> [Task brief] Output the data word for word, dropping every image.

> [Given material]
==============================

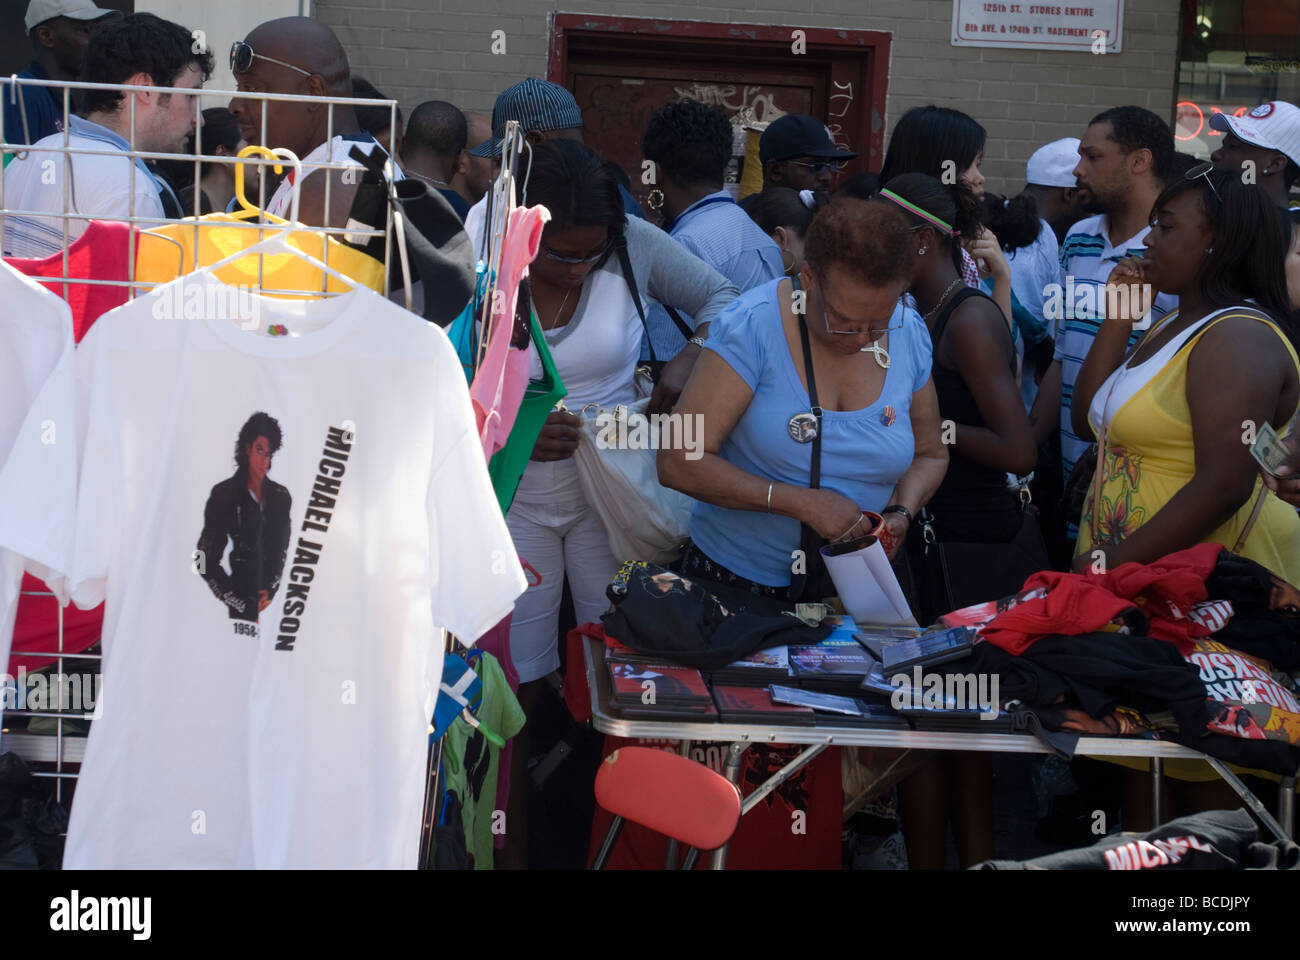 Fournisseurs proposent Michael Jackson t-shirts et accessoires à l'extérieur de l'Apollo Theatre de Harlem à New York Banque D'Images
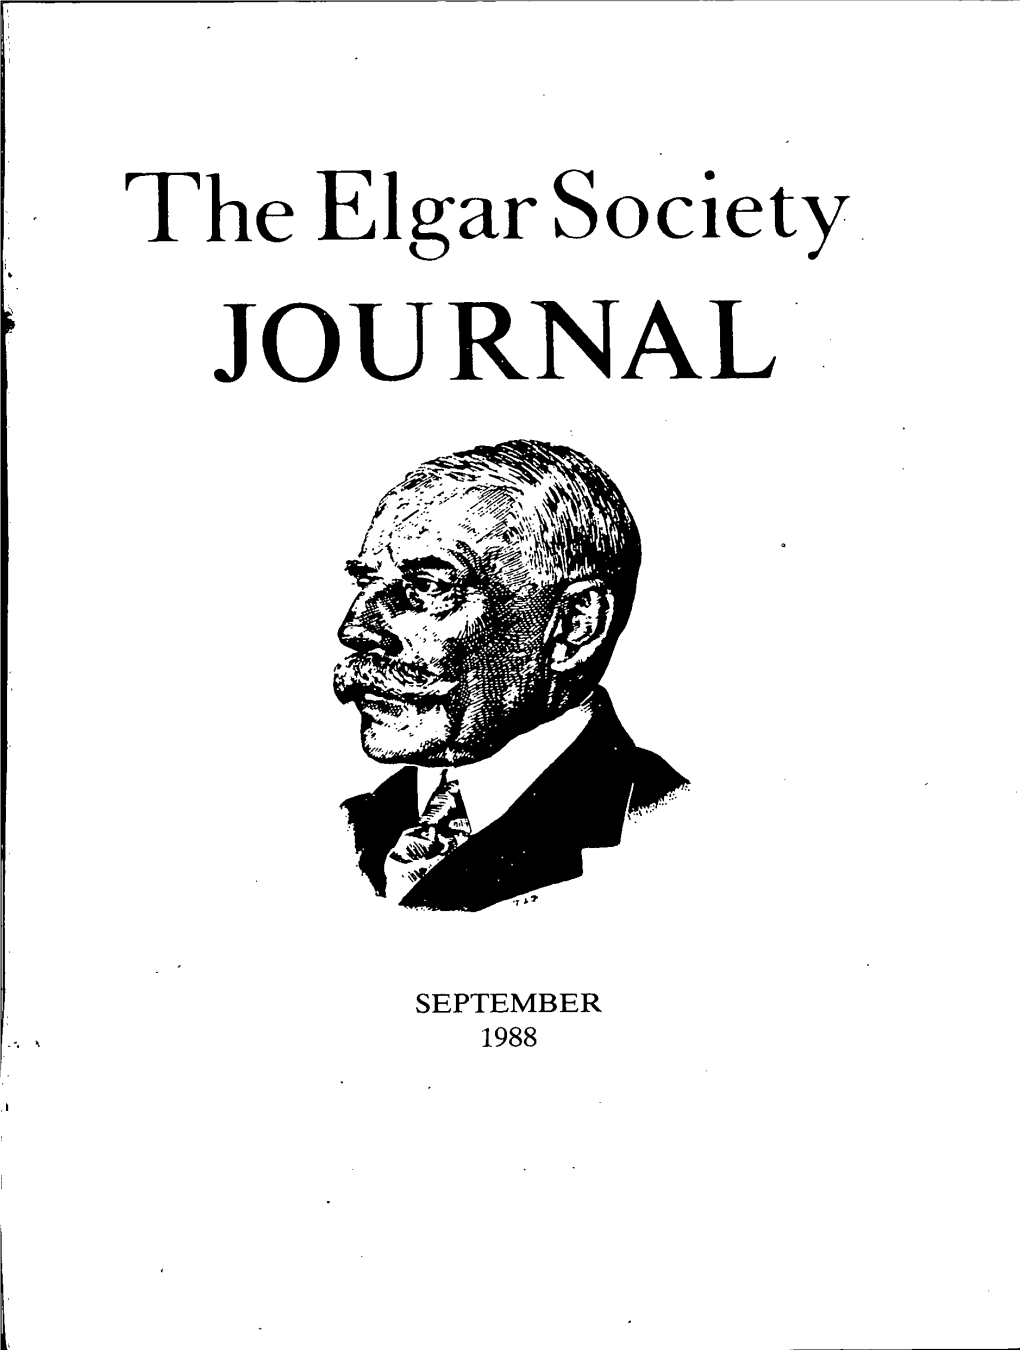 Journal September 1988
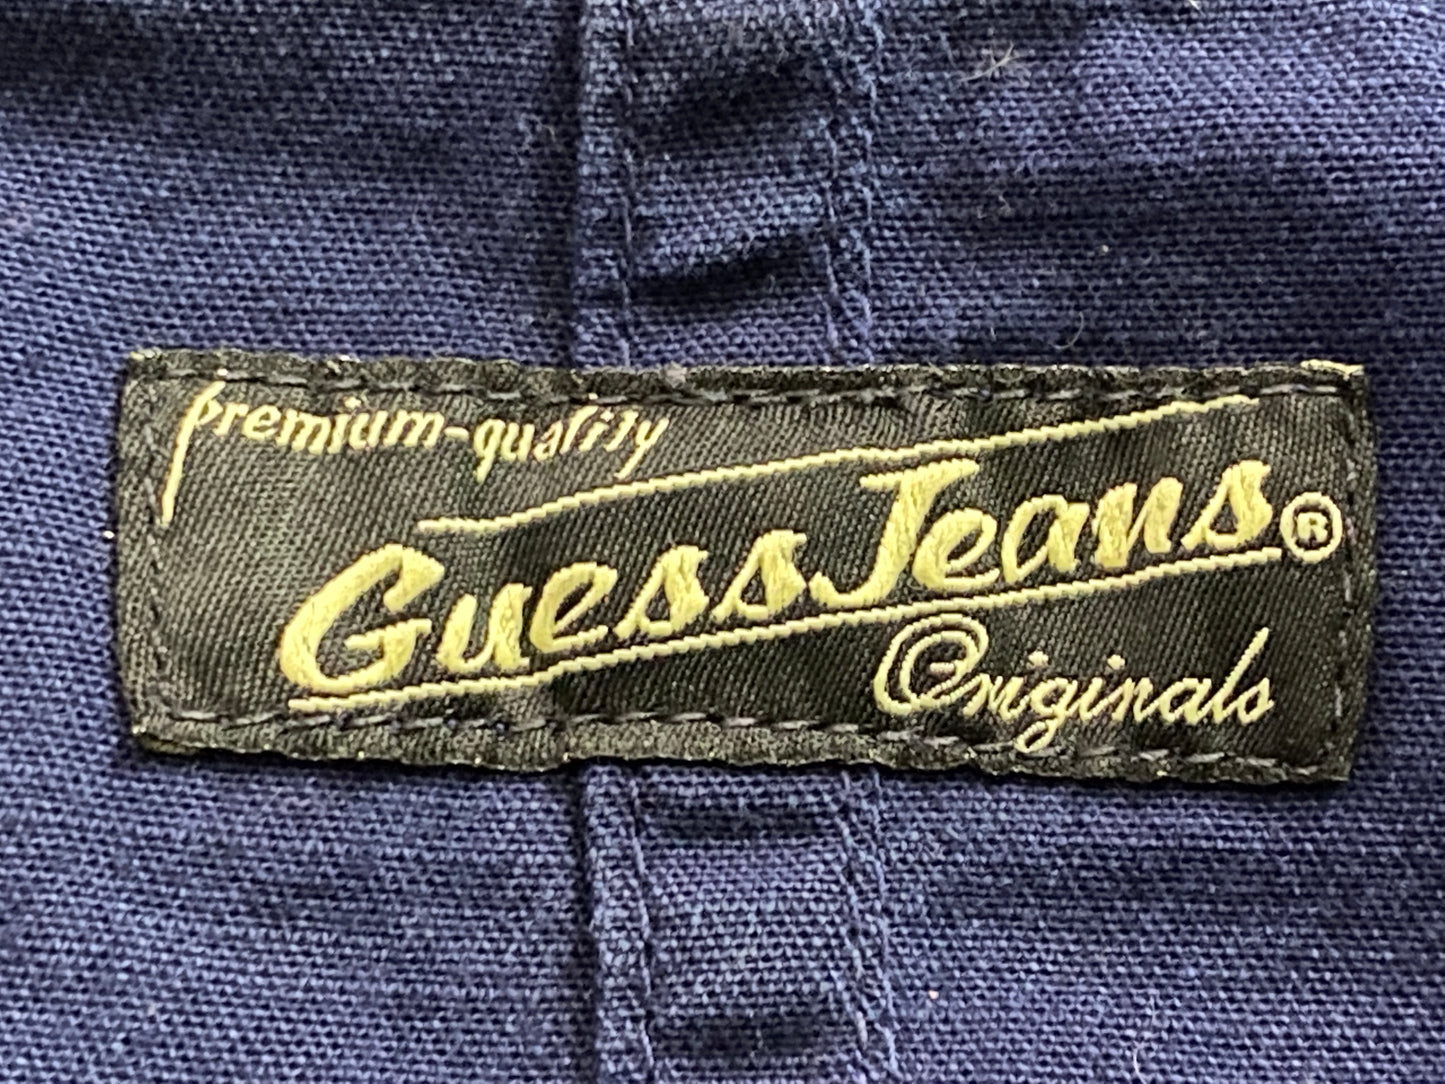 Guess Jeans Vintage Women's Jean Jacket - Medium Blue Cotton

==============================

> [Task result]
 Fournisseurs proposent Michael Jackson t-shirts et accessoires à l'extérieur de l'Apollo Theatre de Harlem à New York Banque D'Images
 Journal September 1988
 Guess Jeans Vintage Women's Jean Jacket - Medium Blue Cotton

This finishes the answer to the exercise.